This routine returns a matrix or data frame containing all the unique rows of the
matrix or data frame supplied as its argument. That is, all the duplicate rows are
stripped out. Note that the ordering of the rows on exit is not the same
as on entry. It also returns an index attribute for relating the result back
to the original matrix.
Usage
uniquecombs(x)
Arguments
x
is an R matrix (numeric), or data frame.
Details
Models with more parameters than unique combinations of
covariates are not identifiable. This routine provides a means of
evaluating the number of unique combinations of coavariates in a
model.
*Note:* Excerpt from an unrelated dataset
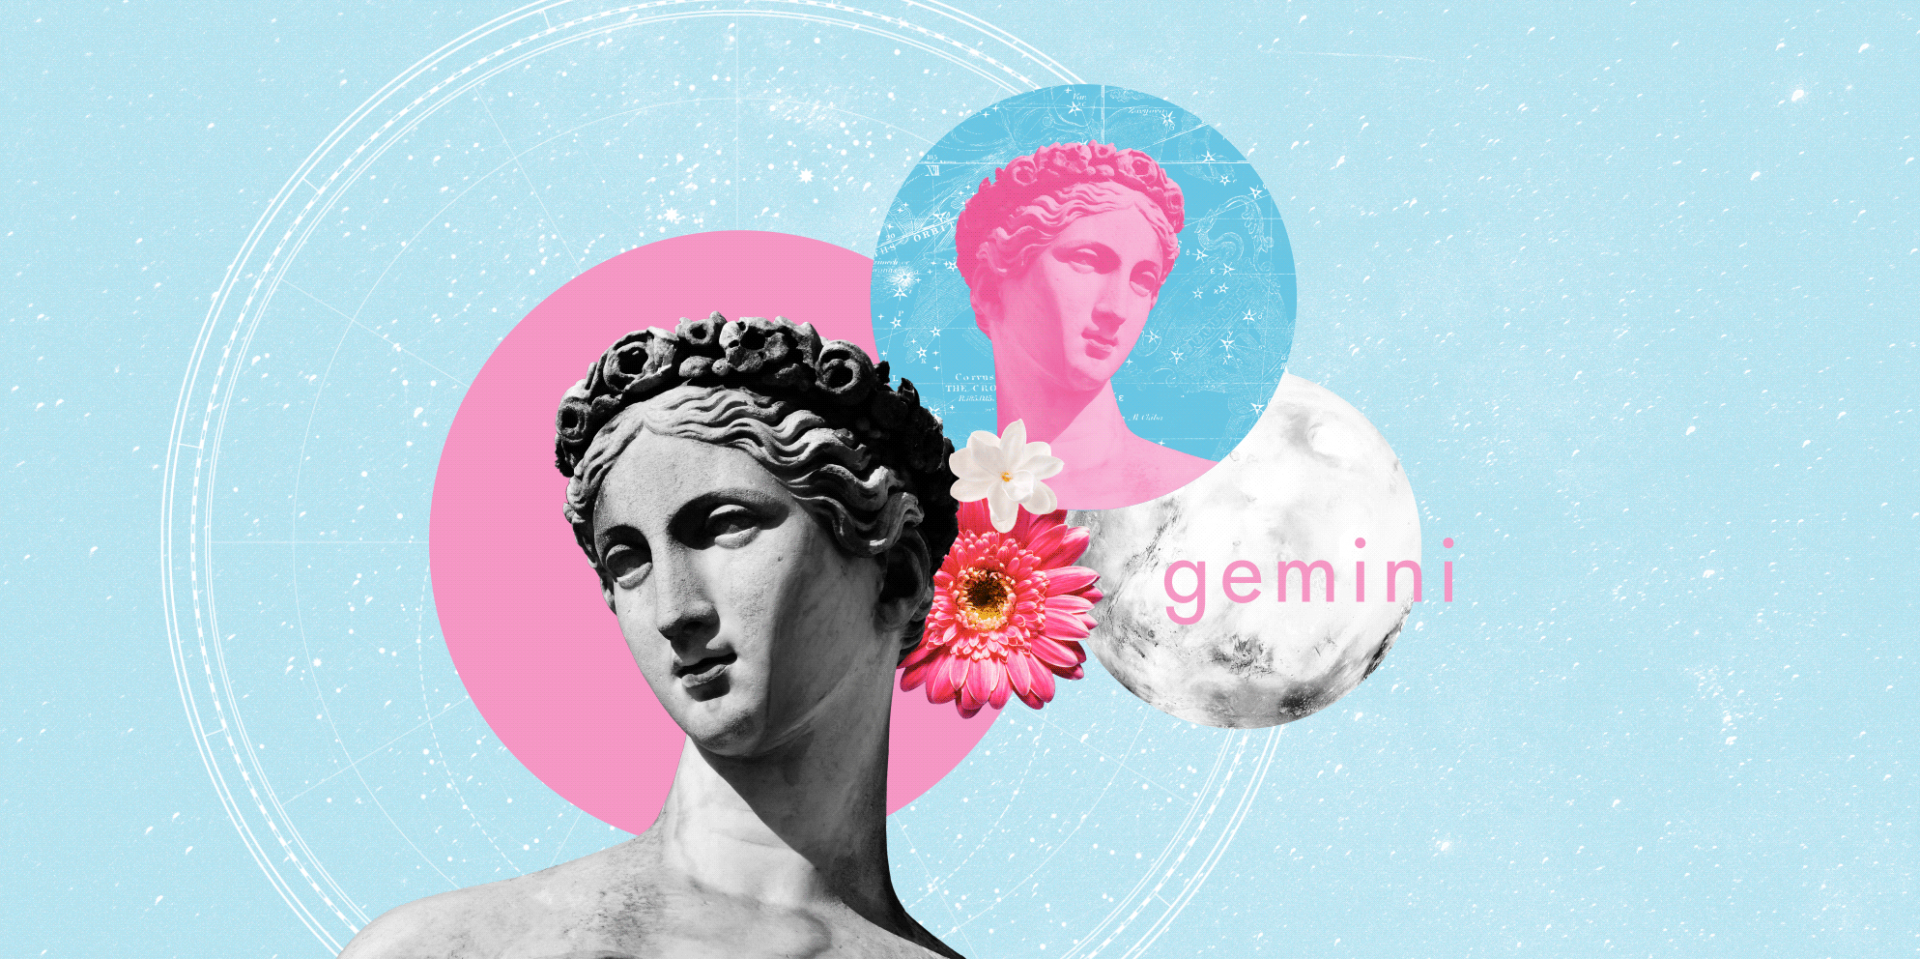 Gemini. gemini

The routine calls compiled C code, and is based on sorting,
with consequent O(nlog(n)) cost. In principle a hash table based solution
should be only O(n).
unique and duplicated, can sometimes be used
in place of this, if the full index is not needed. Relative performance is variable.
If x is not a matrix or data frame on entry then an attmept is made to coerce
it to a data frame.
Value
A matrix or data frame consisting of the unique rows of x (in arbitrary order).
The matrix or data frame has an "index" attribute. index[i] gives the row of the returned
matrix that contains row i of the original matrix.
require(mgcv)
## matrix example...
X <- matrix(c(1,2,3,1,2,3,4,5,6,1,3,2,4,5,6,1,1,1),6,3,byrow=TRUE)
print(X)
Xu <- uniquecombs(X);Xu
ind <- attr(Xu,"index")
## find the value for row 3 of the original from Xu
Xu[ind[3],];X[3,]
## data frame example...
df <- data.frame(f=factor(c("er",3,"b","er",3,3,1,2,"b")),
x=c(.5,1,1.4,.5,1,.6,4,3,1.7))
uniquecombs(df)